8 トモダチ フタリ
「おい待てよ」
腕を掴まれて振り向いた。河野君が息を切らして立っていた。その後ろから高津君が走ってくるのが見える。
「用事があるって言っただろう」
「用事?」
まだ済んでいなかったんだ。
「田中、ひどいな、花火に誘っておいて」
走ってきた高津君が河野君の肩に手を置いた。
「いや、幸助は誘っていない」
「大地じゃないよ、さっき、田中に誘われた」
「はぁっ? 誘ってないよな!」
あっ、私は確かに塾の玄関で高津君に声を掛けた。でも、それは事情があったわけだけど、そのことを高津君は知らなかった。
「あっ、声かけました」
「ほらね」
高津君が得意げに河野君を見る。
「花火、始まるから向こうの土手に行こう」
高津君はそう言うと私の手を取った。
「おい、手をつなぐな」
河野君がそう言いながら私の反対の手を取った。幼稚園生みたいに3人で手をつなぎながら土手を登って花火を待った。
友達みたいに3人で花火を眺める。時折花火の音が大きく響いた。3つ目の花火が何事もなく打ちあがると、3人でハイタッチをする。

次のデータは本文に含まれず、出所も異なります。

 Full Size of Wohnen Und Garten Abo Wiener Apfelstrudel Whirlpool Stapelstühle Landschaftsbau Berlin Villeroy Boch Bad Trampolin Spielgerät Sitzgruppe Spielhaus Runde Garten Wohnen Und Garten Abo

河野君のお祖父ちゃんありがとう。感謝です。もしかしたら、もともと何もなかったのかもしれないけど、そうしたら河野君は怒られちゃうのかな? 一抹の不安がよぎった。隣でニカッと笑う河野君は何も考えていないように見えた。
「お前さ、明日は持って来いよ?」
「えっ? 何を?」
「あっ、僕も見たいな。黒い機械」
「幸助、塾だろ」
「田中も、塾だ」
「田中って呼ぶな」
「瑠璃も塾だ」
「瑠璃って呼ぶな」
なぜか2人が私の呼び方で言い争っていた。名前呼びなんて幼稚園の時以来だ。
「あのぉ~」
私が言うと2人同時にこちらを振り向いた。シンクロしている。
「田中でお願いします」
「よし、瑠璃だ」
なぜか確信したように河野君が言った。
「じゃあ、僕は瑠璃ちゃん」
高津君が言う。それ、絶対に呼んで欲しくないかも。学校では無理だし……。なぜか般若のような佐藤さんの顔が浮かんだ。
「それ、無理だから……」
思わず小さい声でつぶやいた。
「お前のせいだろ! あいつら瑠璃のこと透明人間だと思ってやがった」
河野君が高津君をどつく。
「ああ、佐藤と鈴木だろう? 委員が同じだから無視も出来ないしな。瑠璃ちゃん、ごめん」
高津君が申し訳なさそうに私に頭を下げた。
私は首を振る。高津君が悪いわけじゃないもの。
「学校では、ちょっと……」
私が口ごもると河野君がすかさず言った。
「瑠璃に話しかけるな。いいな」
「気をつける」
そう言って高津君は苦笑いをした。話しかけるのもそうだけど、呼び方が気まずい。いつの間にか2人共私を名前で呼んでいた。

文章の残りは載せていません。